Вечером Берия встретился с Квеоном, который подробно рассказал о том, что говорил перебежчик. Когда Берия спросил, о каком лекарстве говорил перебежчик, Квеон замолчал, пытаясь вспомнить, что говорил ему перебежчик. «Он, кажется, говорил о дикумароле, или дикумарине, и о фенольных химических кольцах в нем». — Квеон хорошо знал химию. Он ей увлекался в школе.
В этот день Берии доложили, что, когда после решения Ялтинской конференции 1945 года началось переселение поляков на земли Германии, многие из них хотели уехать на более благоустроенную территорию, и, для того чтобы попасть в число счастливчиков, они предлагали деньги и золото, которое они накопали в могилах около немецких концлагерей, где уничтожали евреев и где от евреев осталась одна зола. Многое перепадало и сотрудникам советской военной администрации, находившейся на территории Польши. В те времена именно там и ошивался Булганин.
20 марта, 7 часов 4 минута. Москва, улица Качалова
Утром, выйдя на крыльцо, Берия вдруг не увидел знакомого снегиря. Видимо, почувствовав близость весны, полетели обратно к родным северным лесам зимние гости — снегири, свиристели, чечетки. «Правда» сообщала, что парламент Западной Германии одобрил боннское и парижское Соглашения об образовании Европейского оборонительного сообщества.
20 марта, 8 часов 14 минут. Москва, улица Качалова
На Лубянке Берия увидел сообщение внешней разведки МВД об ультиматуме США Франции с целью заставить Францию как можно быстрее ратифицировать Парижский договор. Берия не дал хода этой шифровке в Президиум.

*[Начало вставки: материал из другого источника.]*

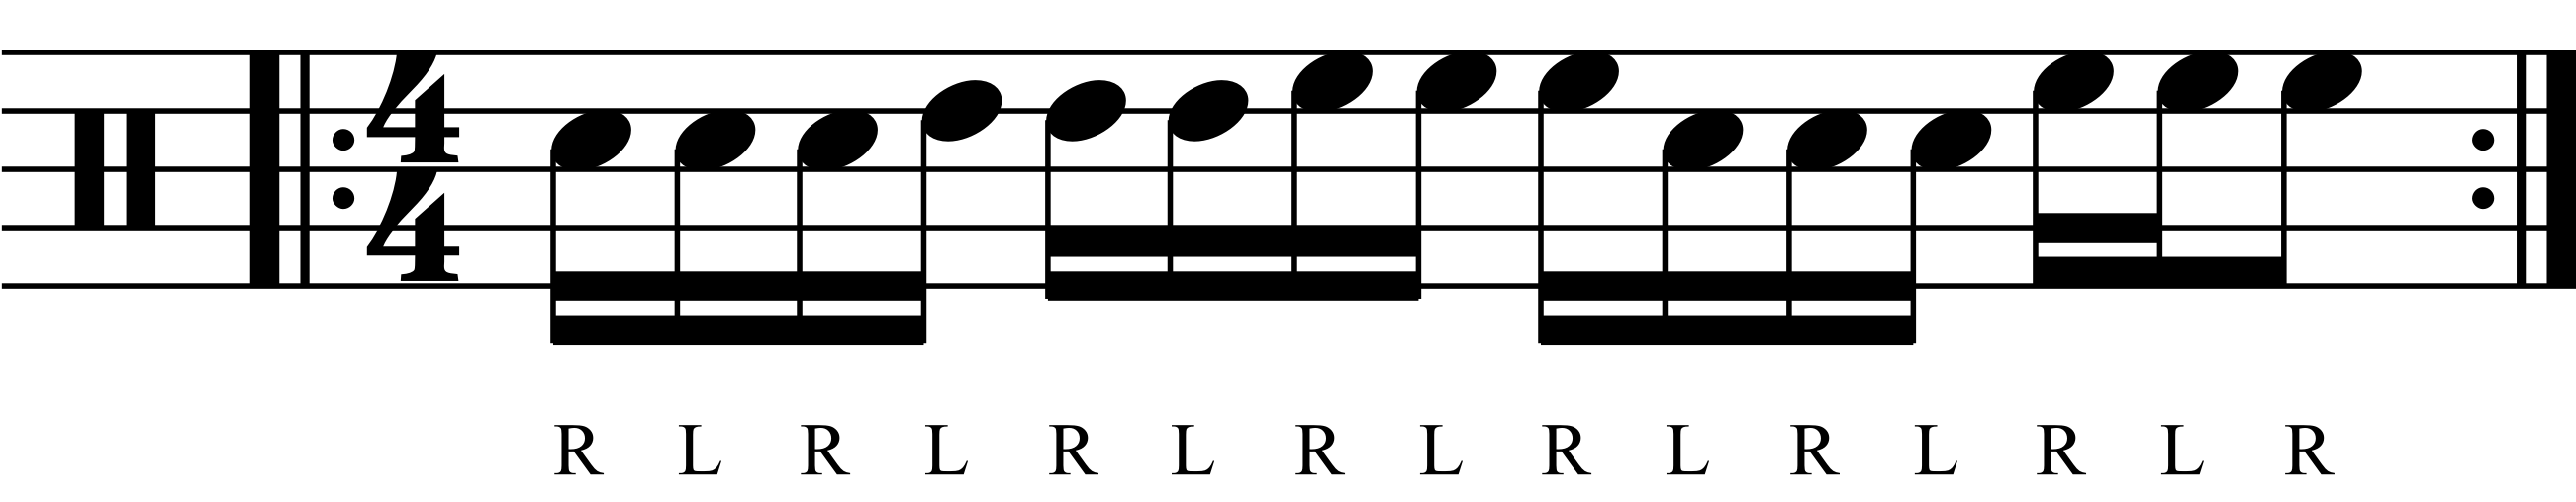 Single stroke roll played as groups of three

У Курчатова наконец появился свой кабинет на Лубянке. Этого добился Берия, чтобы не бегать туда-сюда. Курчатов умел говорить понятно, не горячась. Когда Сталин умер, Ландау сказал: «Все! Я больше этим заниматься не буду». И.В. Курчатов, Ю.Б. Харитон и А.Д. Сахаров попросили Халатникова принять у Ландау дела. И Ландау тоже попросил об этом. Халатников принял от Ландау его группу и вычислительное бюро. Работа Сахарова была оценена, и он стал доктором наук без защиты диссертации, а в 32 года избран академиком АН СССР, самым молодым.

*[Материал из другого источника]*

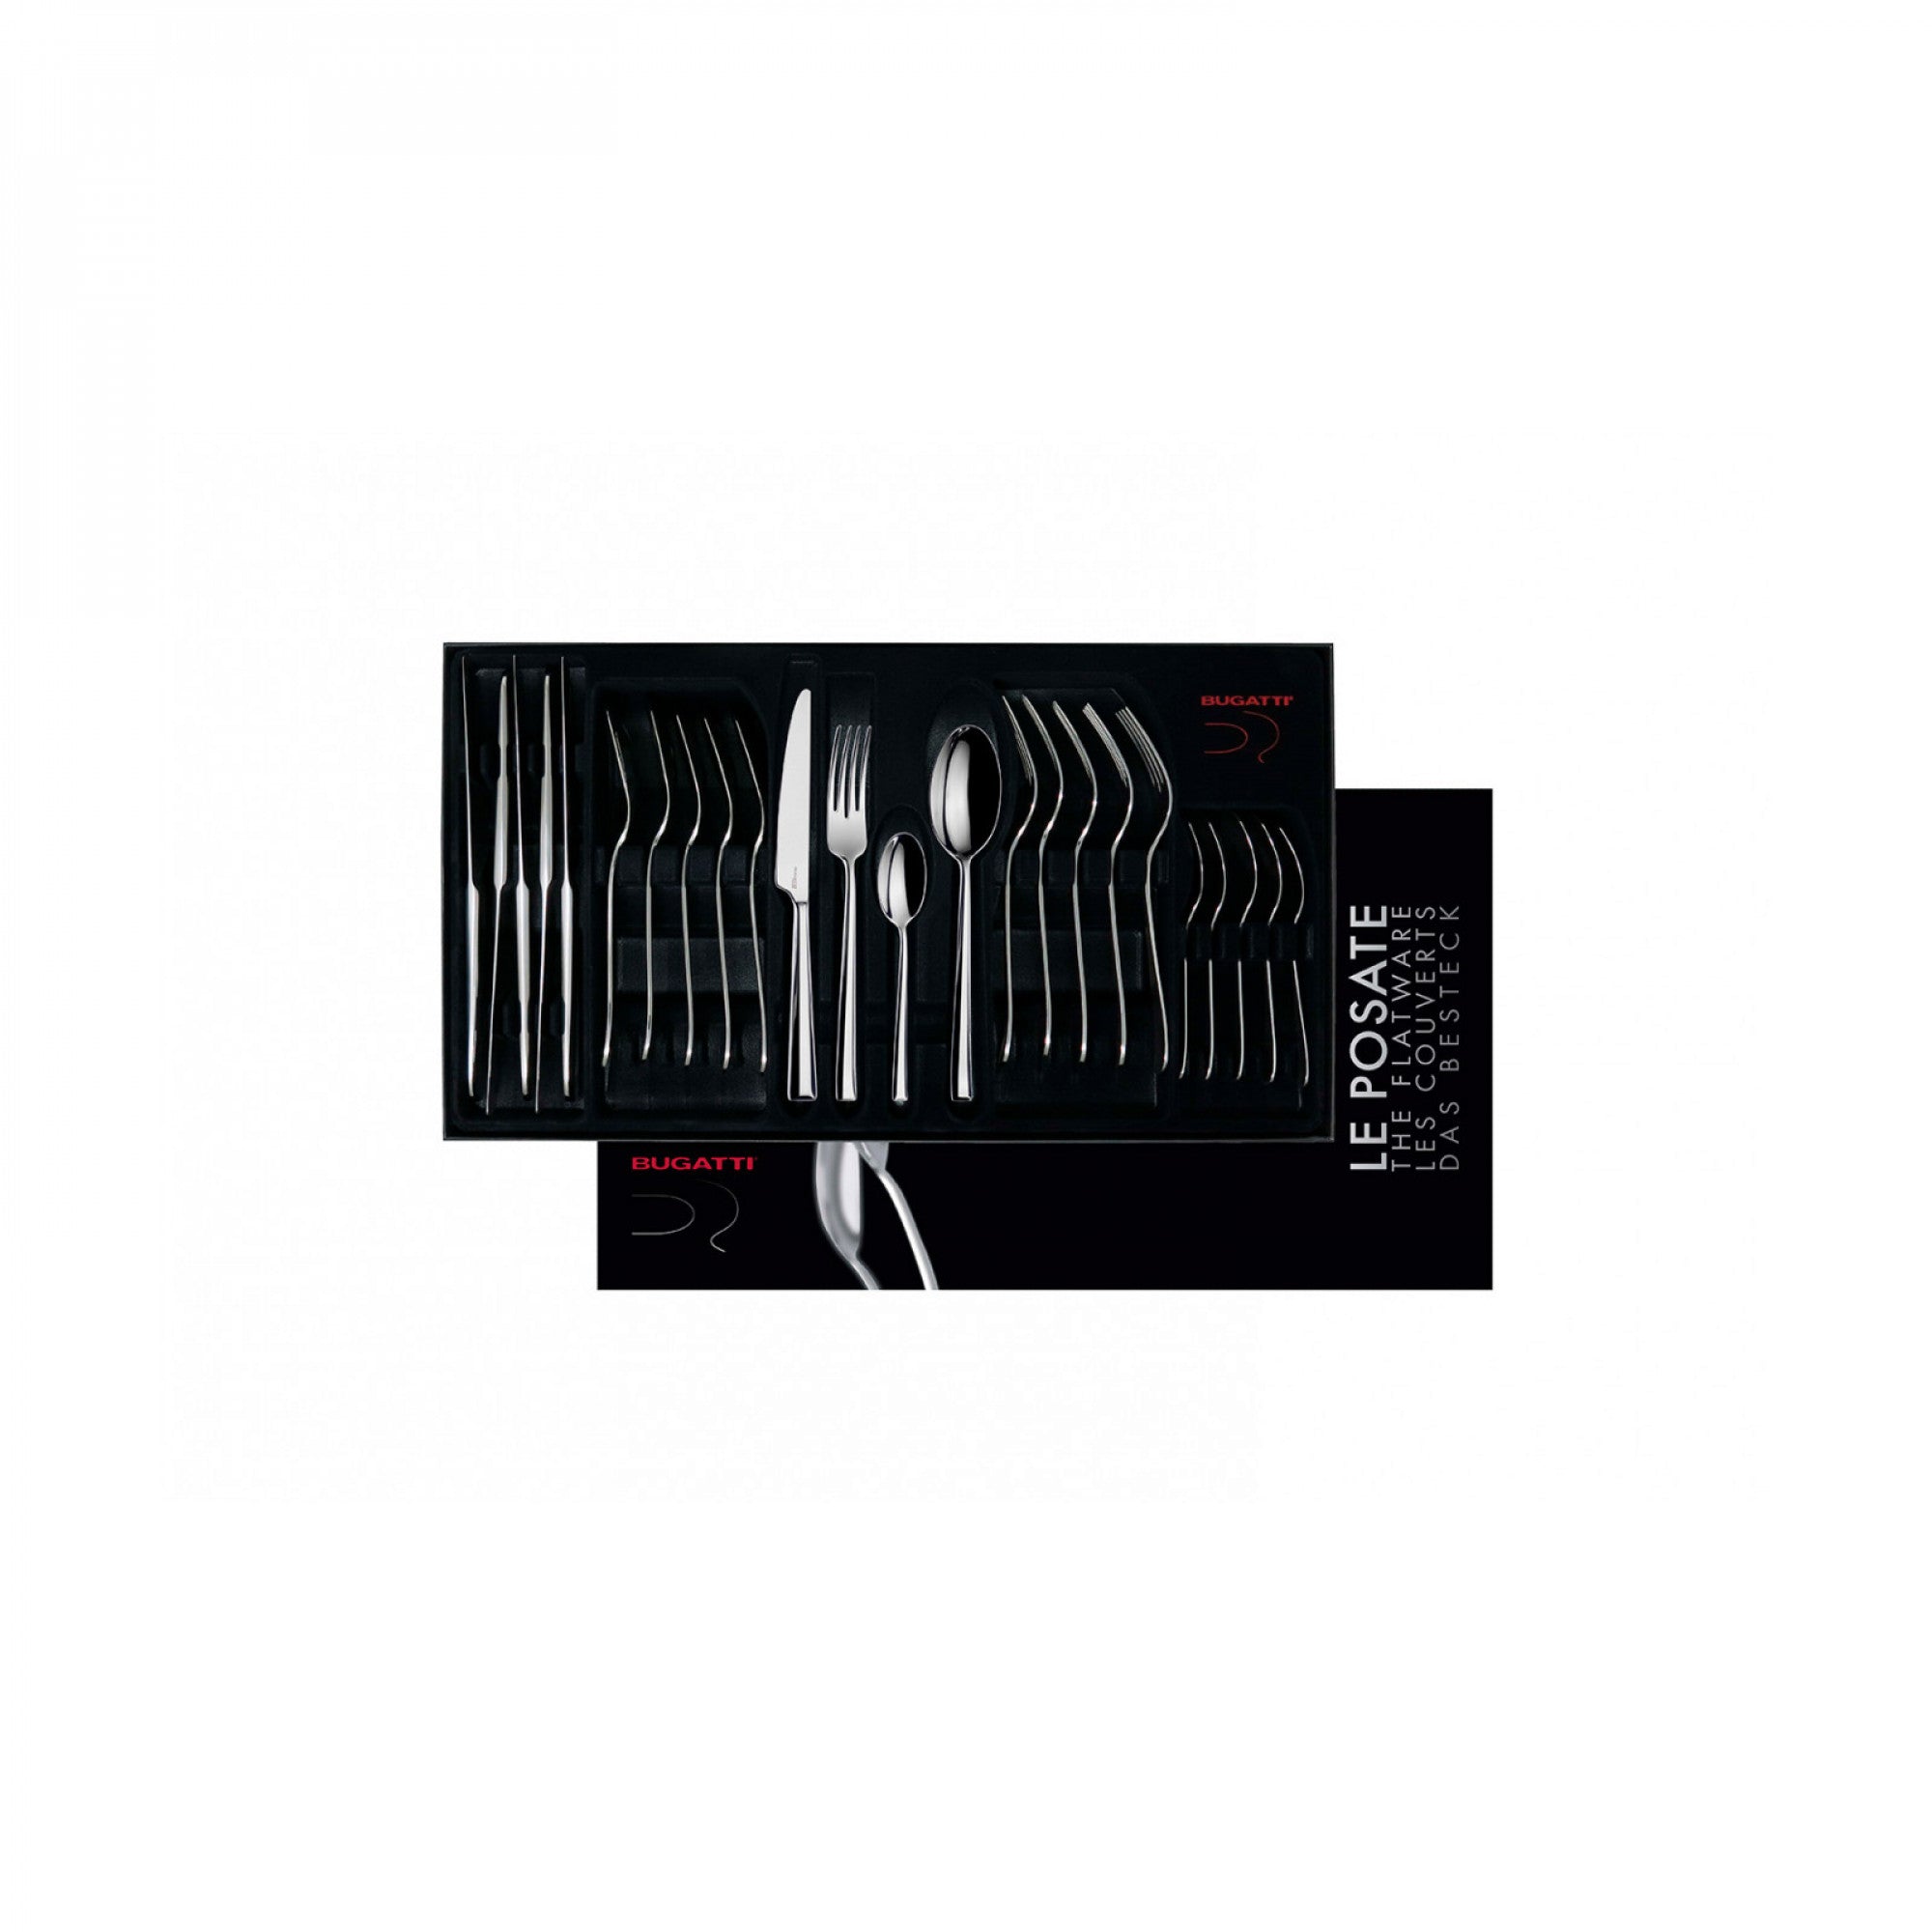 BUGATTI, Duetto, 24-piece cutlery set in 18/10 stainless steel

Чтобы не вызывать отторжение ученых от проекта, Берия сделал так, что физики, привлеченные к атомному проекту, имели право продолжать и свои мирные исследования — в отличие от американских специалистов, которые были изолированы от всего мира и на время полностью прекратили научную деятельность. Ученым, участвовавшим в атомном проекте, предоставлялась полная свобода: действуйте! В 1950 году Ландау с Гинзбургом создали феноменологическую теорию сверхпроводимости. Берия был удовлетворен тем, что за годы атомного проекта физика СССР не потеряла позиций в науке. Например, в физике низких температур — Институт физпроблем как был лидером в мировой физике, так и остался. Ученые печатали статьи по своим темам в научных журналах, писали диссертации… Это было одним из способов маскировки создателей бомбы.